-------- COLLECTED DATA
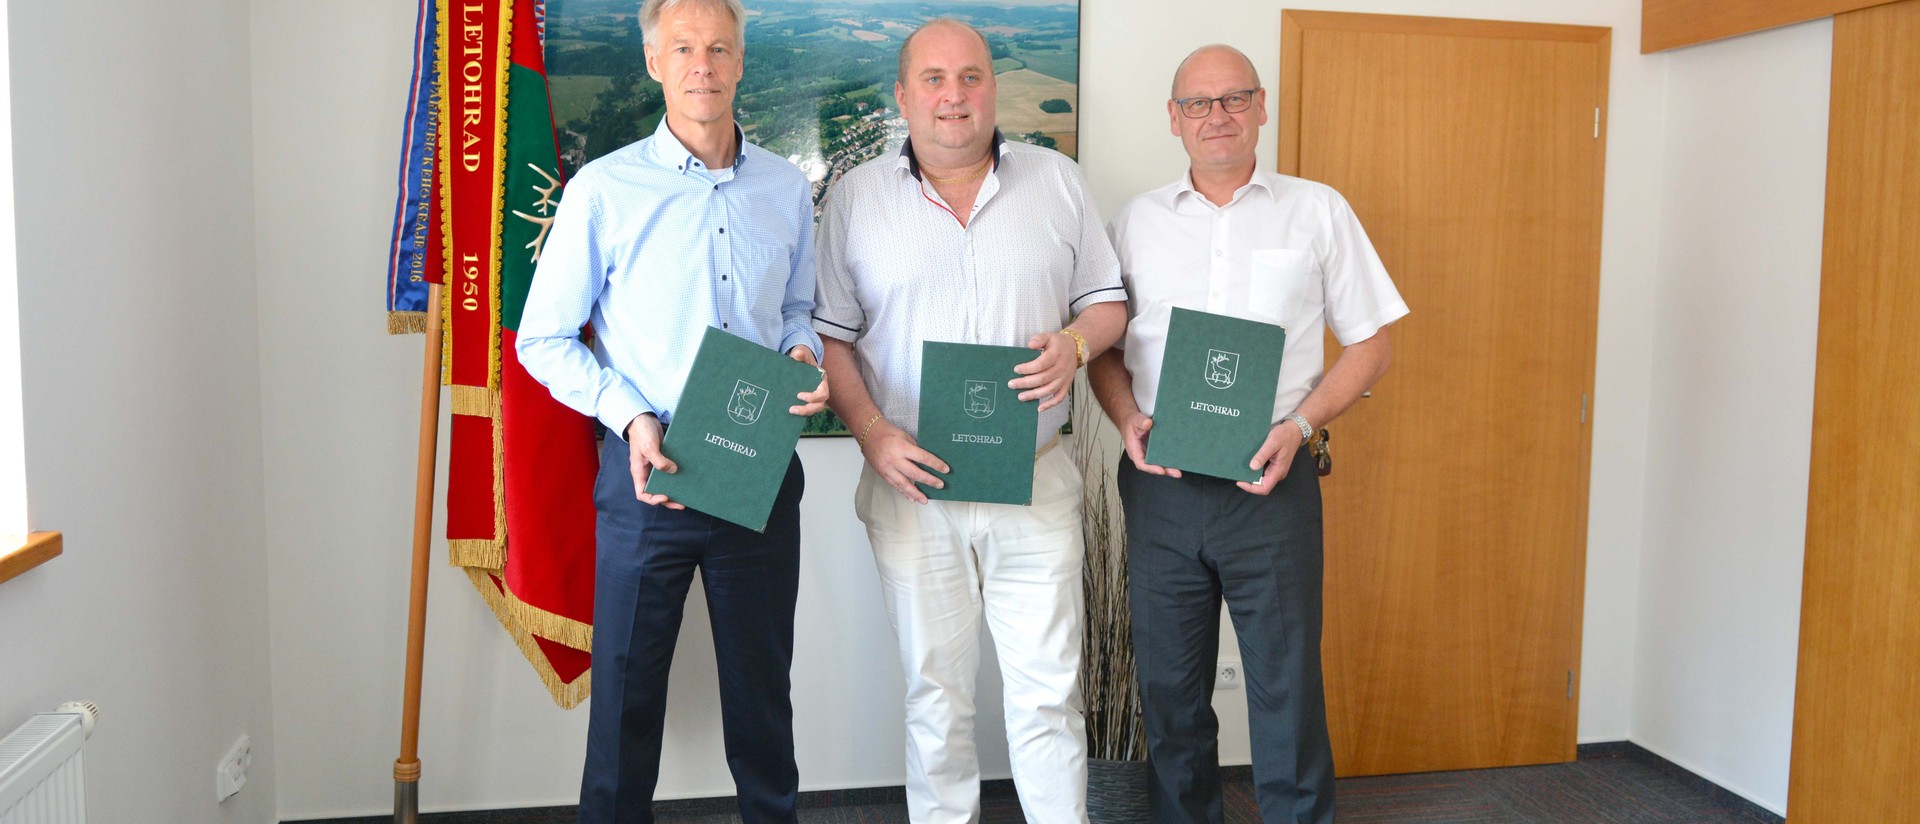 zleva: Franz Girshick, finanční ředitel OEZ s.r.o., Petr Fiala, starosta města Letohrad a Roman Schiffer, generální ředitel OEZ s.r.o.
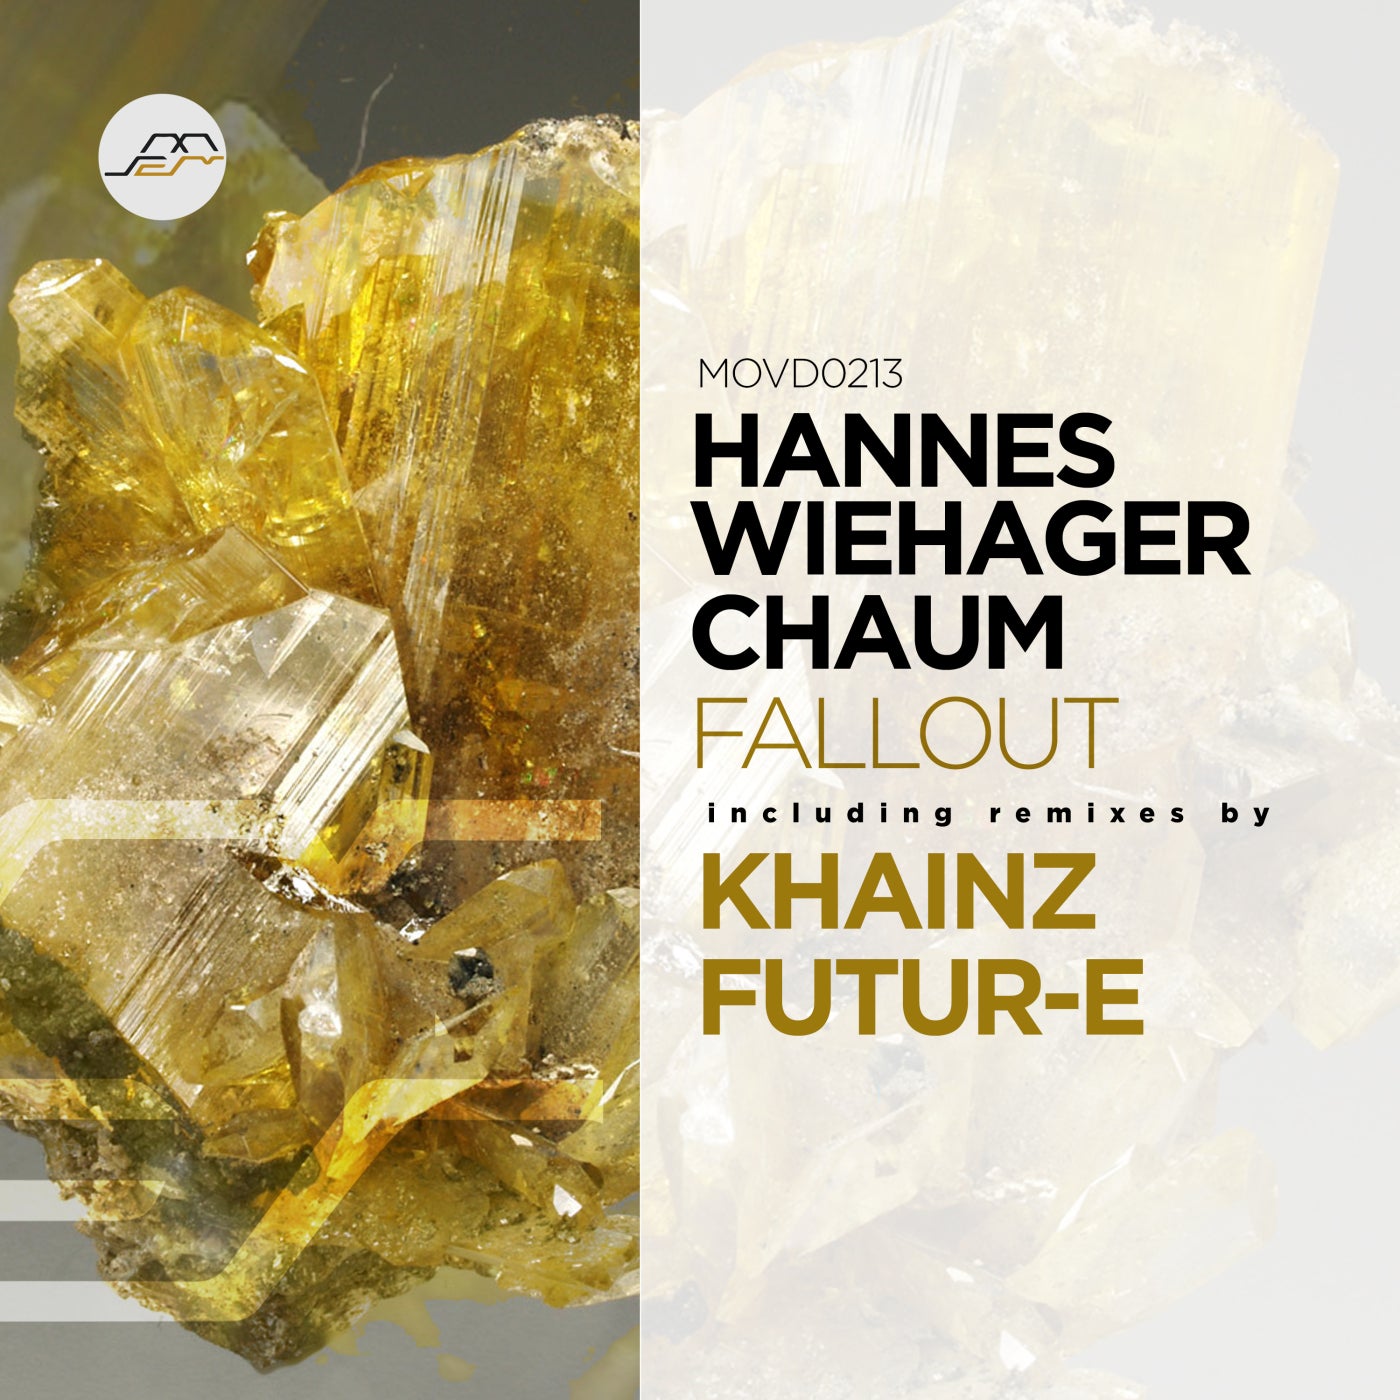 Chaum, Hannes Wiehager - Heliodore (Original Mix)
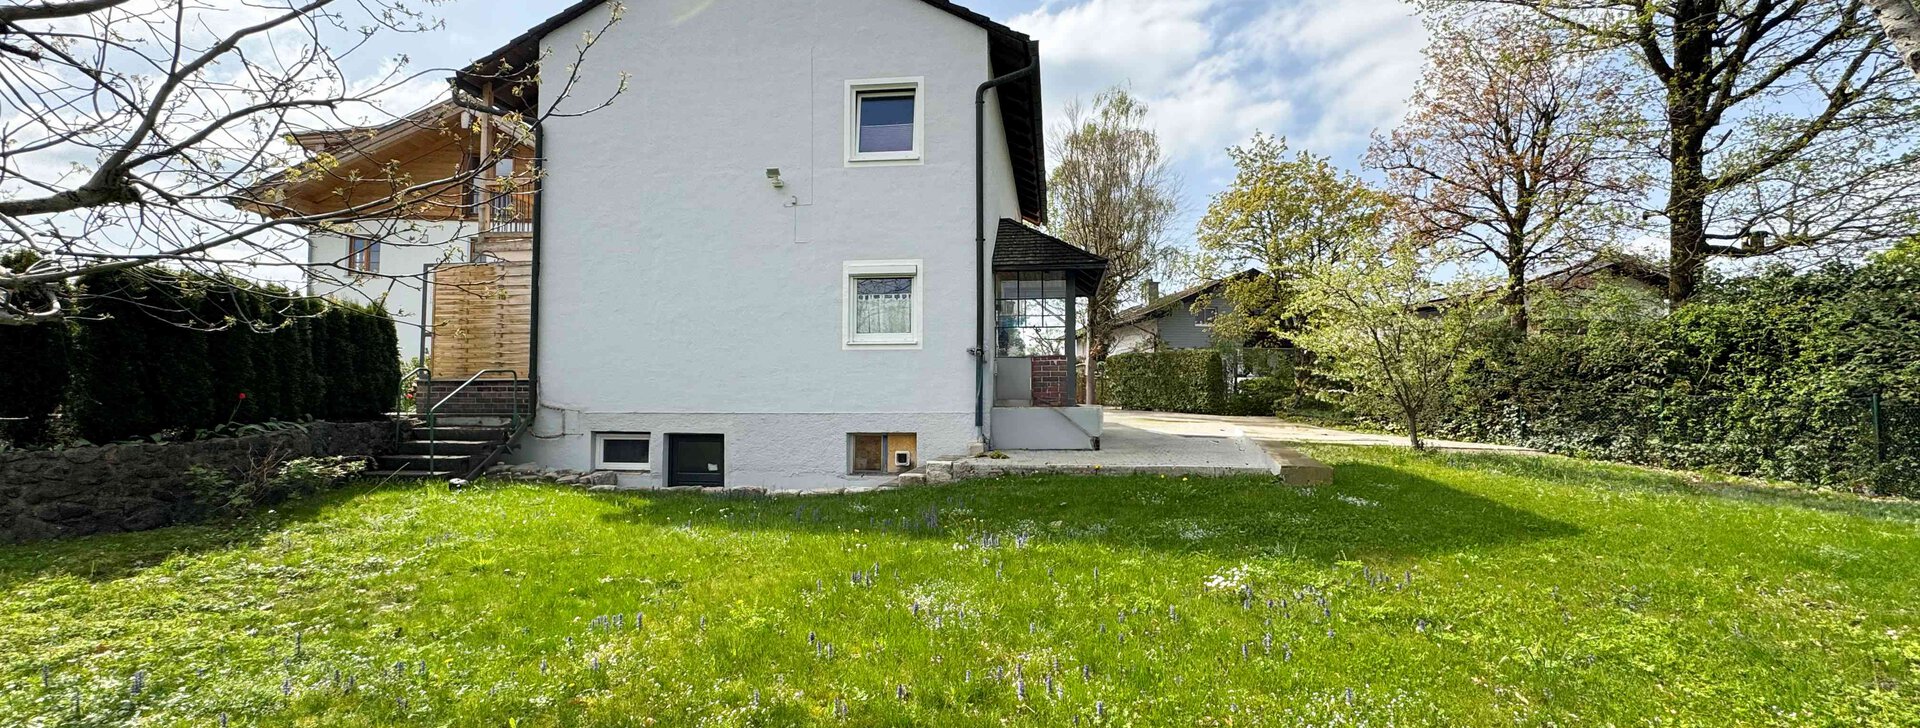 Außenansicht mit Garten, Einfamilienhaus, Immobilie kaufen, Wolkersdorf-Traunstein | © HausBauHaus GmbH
----------------
**AIM OF THE EXERCISE**:
Could you give again precisely the lines from the one containing "Chaum, Hannes Wiehager" through the final line of the material above, both included, and no others, dropping the pictures?

**EXERCISE OUTPUT**:
 Chaum, Hannes Wiehager - Heliodore (Original Mix)
 Außenansicht mit Garten, Einfamilienhaus, Immobilie kaufen, Wolkersdorf-Traunstein | © HausBauHaus GmbH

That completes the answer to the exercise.